Global Convergence of Over-parameterized Deep Equilibrium Models
This provides theoretical guarantees for training DEQs, addressing convergence issues in implicit deep learning models, though it is incremental as it builds on existing DEQ frameworks.
The study tackles the training dynamics of over-parameterized deep equilibrium models (DEQs) by proving that gradient descent converges to a globally optimal solution at a linear rate for quadratic loss, assuming an initial condition satisfied via mild over-parameterization.
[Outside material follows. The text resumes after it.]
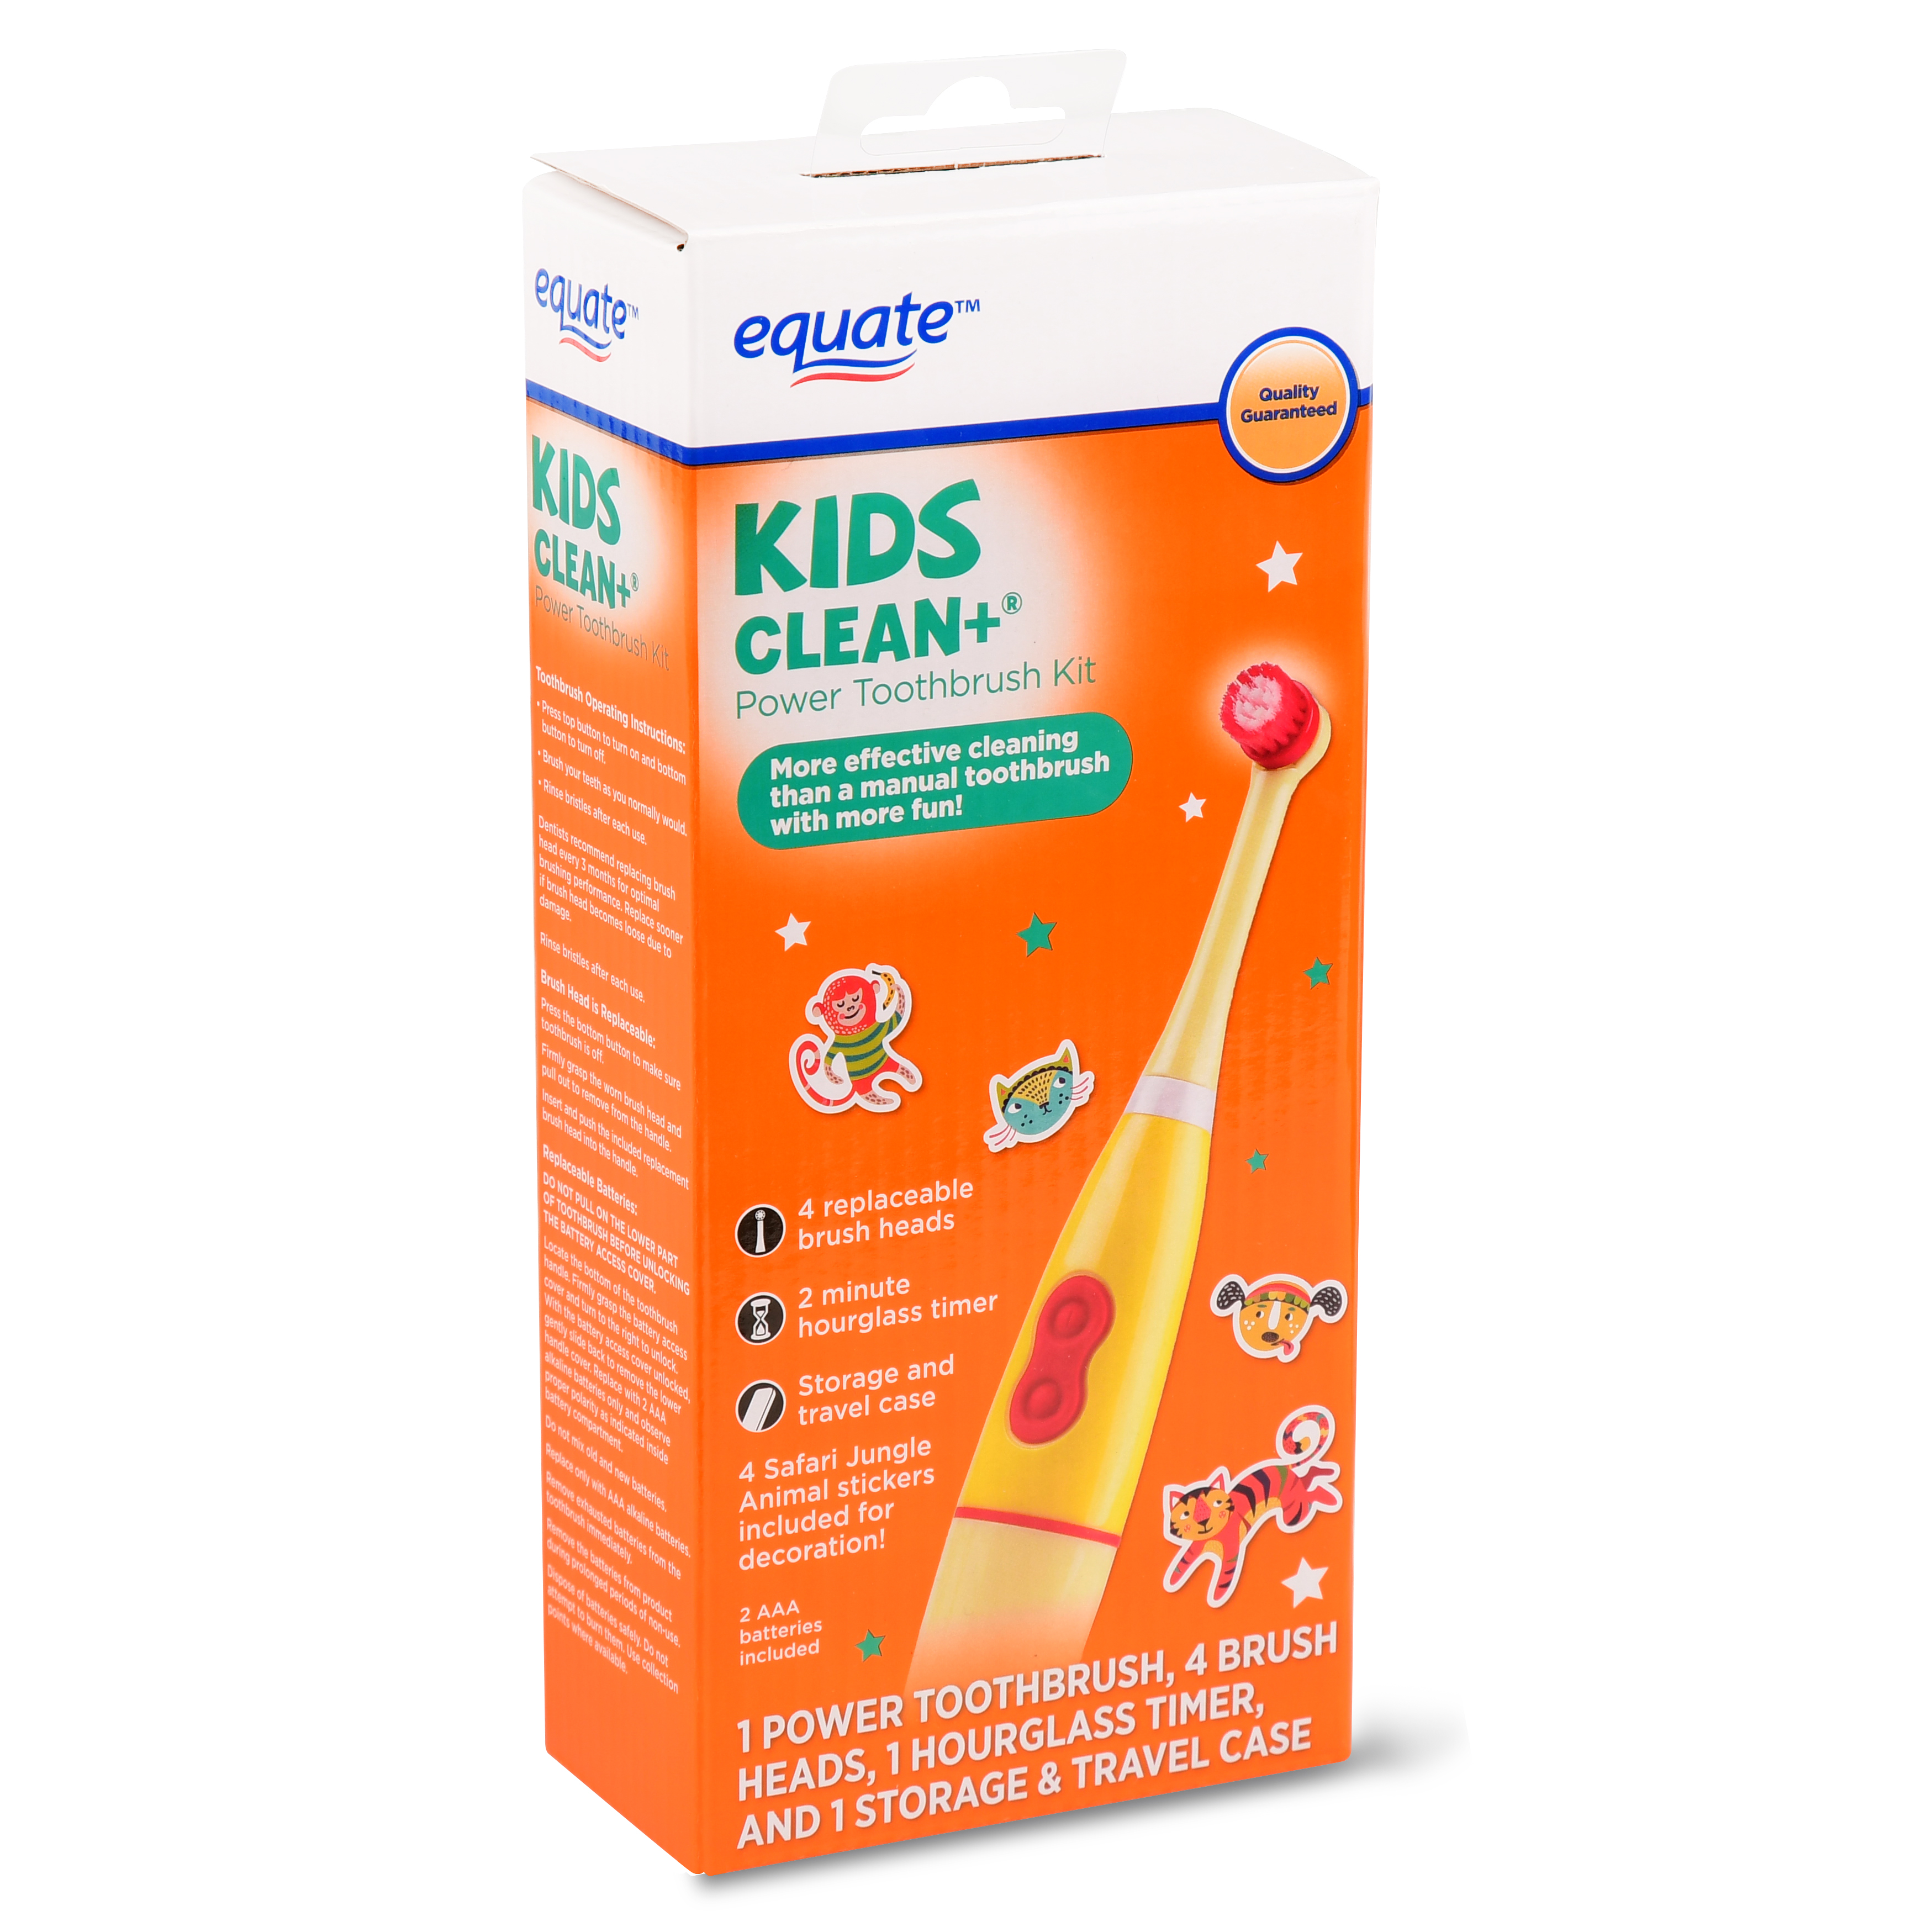 Equate Kids Clean+ Power Toothbrush Kit - image 3 of 8
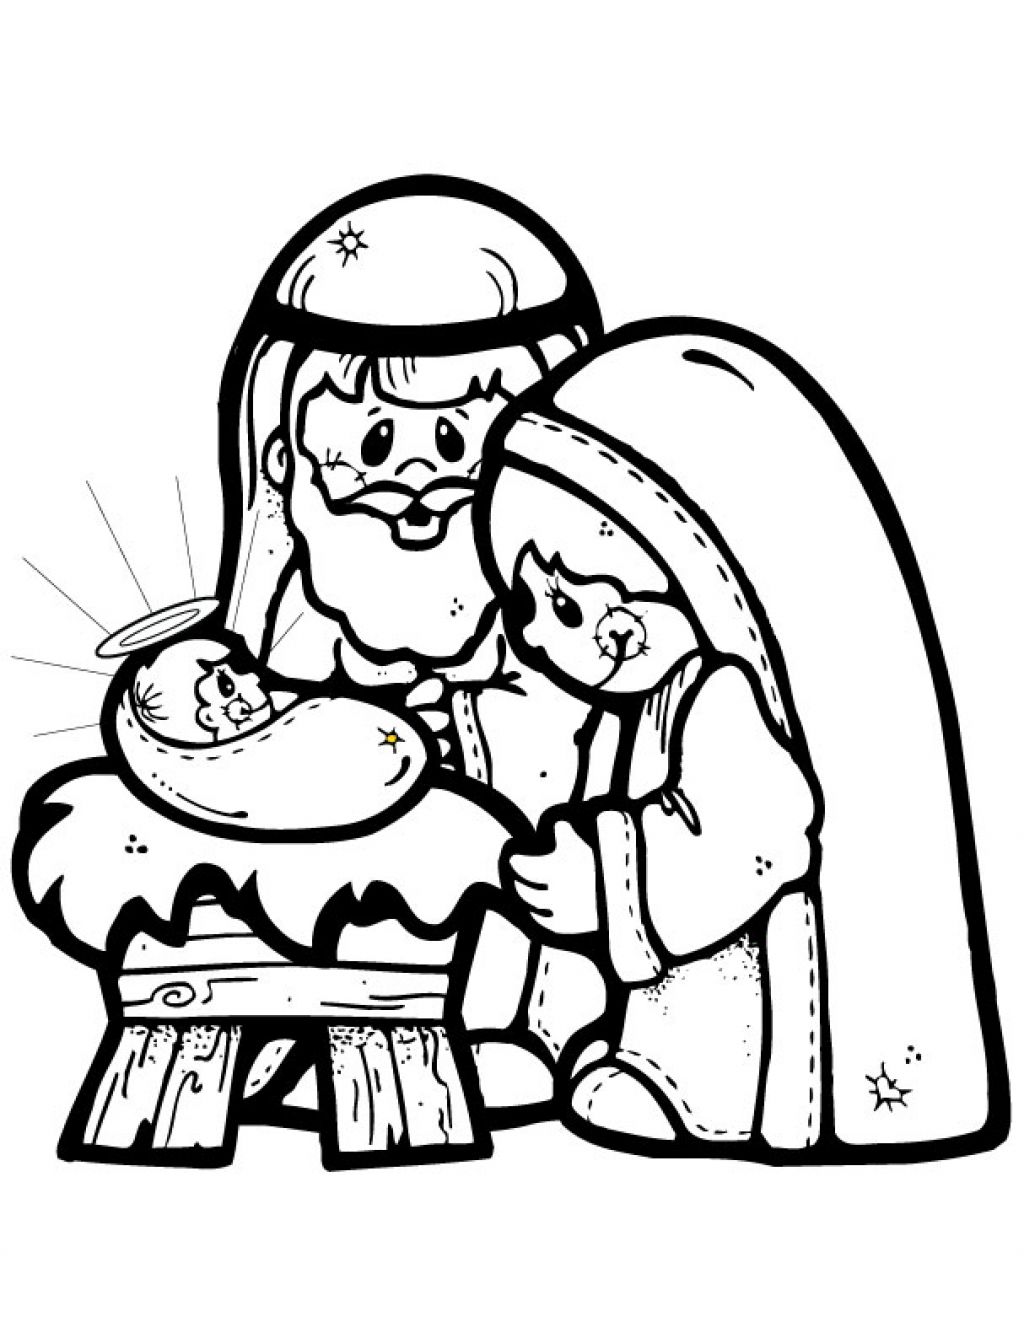 joseph mary baby jesus coloring page source fxy nativity scene ...

A deep equilibrium model (DEQ) is implicitly defined through an equilibrium point of an infinite-depth weight-tied model with an input-injection. Instead of infinite computations, it solves an equilibrium point directly with root-finding and computes gradients with implicit differentiation. The training dynamics of over-parameterized DEQs are investigated in this study. By supposing a condition on the initial equilibrium point, we show that the unique equilibrium point always exists during the training process, and the gradient descent is proved to converge to a globally optimal solution at a linear convergence rate for the quadratic loss function. In order to show that the required initial condition is satisfied via mild over-parameterization, we perform a fine-grained analysis on random DEQs. We propose a novel probabilistic framework to overcome the technical difficulty in the non-asymptotic analysis of infinite-depth weight-tied models.